Obortion

The sky grieved with us today, more sorely as the day wound down.
 
But this morning, I looked up at the dark blanket over us… and saw a hole off to the southwest.  Behind it was another cloud layer with two more holes in it; and through the larger were some higher-altitude clouds whose tops reflected the sun.  Behind those was the soft, blue sky.
 
 
In his logical tunnelling the other day, the eldest Marshall boy reminded me of the Church having forbidden abortion in all but some rare cases, in which it was only strongly discouraged.  Later, I read a Catholic writer making an astonishing but obvious claim…
"After all, if abortion is not seriously wrong, why mount such an effort against it?"

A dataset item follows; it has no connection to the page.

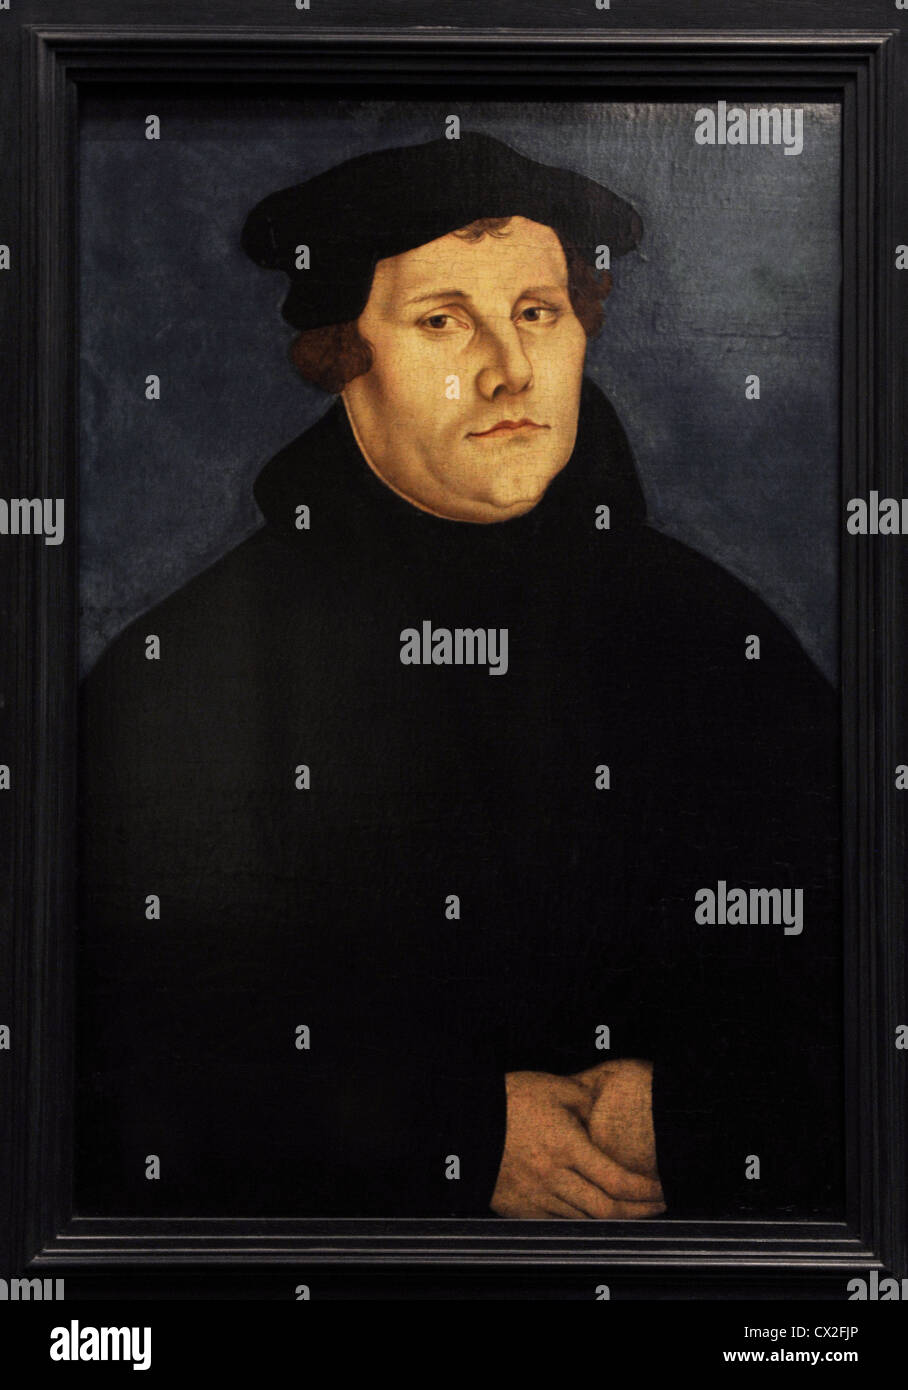 Martin Luther (1483-1546). German monk, icon of the Protestant Reformation. Portrait by Lucas Cranach the Elder, 1529. Stock Photo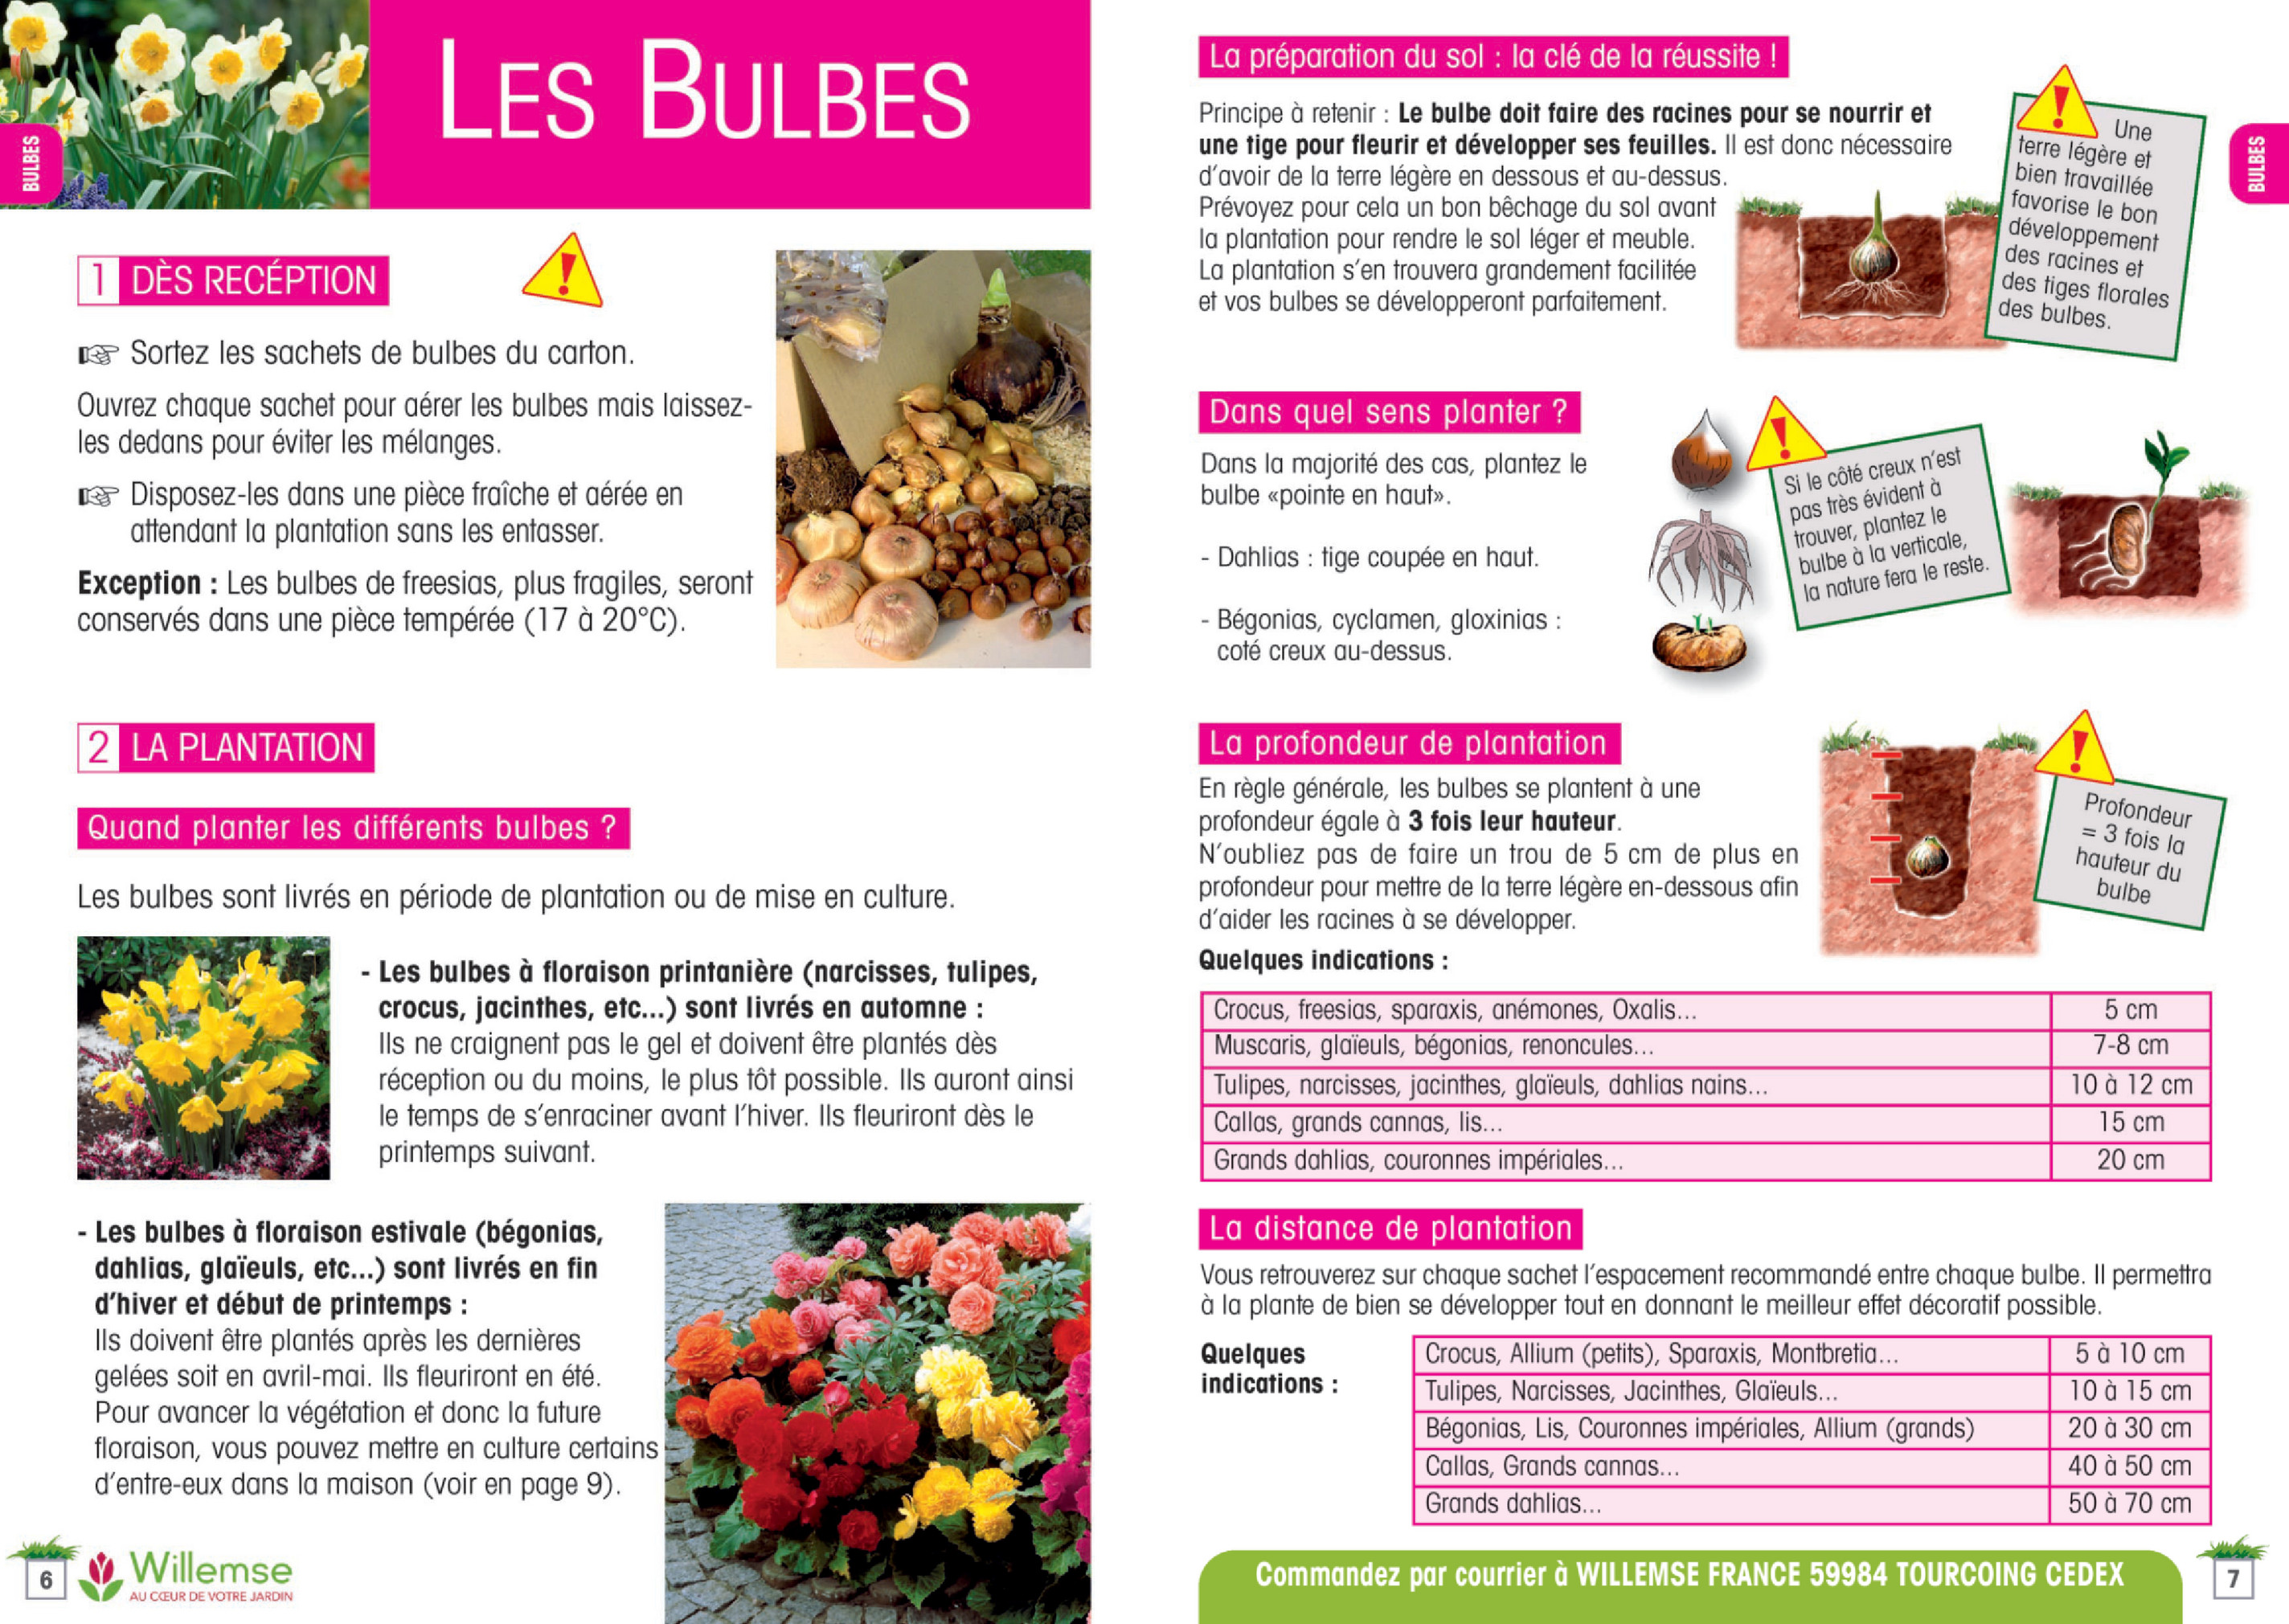 Willemse - Guide de jardinage Willemse - Page 19 - Created with Publitas.com

He had repeated Richard’s earlier claim that "nobody … (including Democrats) … supports or advocates" abortion, and he repeated Richard’s hijacked argument that changing economic conditions were the best method (and Obama’s method) to reduce abortion.
 
But the point can’t be denied…:
 
If abortion is wrong at all, and if you want to reduce the need for it… in other words, if it actually is a crime against another person… then how can you not outlaw it immediately?  How can you legalise crime against others?  It’s Jim Crow.
 
…But then… if it’s wrong at all, and if you want to reduce it, and if it’s regrettable, and a crime…
 
…Then how can you excuse it in any case whatsoever?  Neither the rapist’s child nor the incestor’s child is a rapist or incestor, worthy of death.
 
So the Church rests its exemptions on other things — not on the protection of innocent lives.  The Church excuses it on… either a timeless (and Biblical) form of justice, upholding family ties and family guilt along with them, so that the rapist ought to be punished through his posterity… or a heightened sensitivity to women’s rights, by which a woman’s choice (or non-choice) of conception is the absolute determinant of whether she should be a mother.
 
Except for these other-worldly views, then as this Catholic pointed out… if rape abortion is not completely prohibited as an assault on innocent life… it’s because the victim is not yet considered "innocent life" — not yet a person.
 
For the Church, then, what’s the reason for hating abortion while STILL allowing it for rape?  It’s not because it takes a life, but because… what?
 
Because it prevents a life or distorts a life, or delays it, or messes it up, or whatever.  Which is an entirely different ballpark — not yet the ballpark of contraception, but neither that of murder.  And in this ballpark, we have no room to put up little crosses for the 46 million dead American babies, or hang up their cute little shoes on signs, or something.
 
 
 
And without some mitigating viewpoint, if we lose and abortion goes completely legal, as fornication before it, then… so what?  Those dead babies are not really dead, because they weren’t really babies, and it’s just another serious sin to repent of when you join the Church.  And it’s no longer quite the deal-breaker it was for any LDS who wants to vote Democrat (although the other deal-breakers certainly remain).
 
So, excepting those views I mentioned, the aborted child is not lost from mortality.
 
Yes, it’s a consoling thought…
 
…But…
 
…It’s one without a resolution.  Because theologically, it ties our hands against those measures that reduce abortion.  We can still work against it and preach against it, sure, like we preach against alcohol or porn… but not with the necessary fervour of a crusade against the slaughter of the innocent.
 
And the effort will fail, as Prohibition failed and obscenity laws failed.  I agree with the Catholic.  Only an innocent-human-life-based opposition to abortion will succeed, not some weak campaign of letting people know it’s "wrong" for ambiguous reasons, when people today are delighted to harm themselves in any way they can.
 
Ah… what can we do… besides taking those other views, of course, or one like them… which would still plant us firmly within the Christian mainstream interpretation…
 
 
Anyway, our nation stumbles tonight — not repealing the unpopular good of Prohibition, but repealing the unpopular good of Bush.  So let us cast ourselves into this tar pit and see if we’re any happier.  Forgive us, our dear grandchildren, us who voted McCain — as we forgive our forebears who voted to keep brain poison illegal, yet were overpowered by their prophetically blind peers.
 
Strangely, for two nights I’ve had nightmares of an Obama win.  Now it’s sadly upon us.  But at least I can sleep easier, dreaming of some happier future.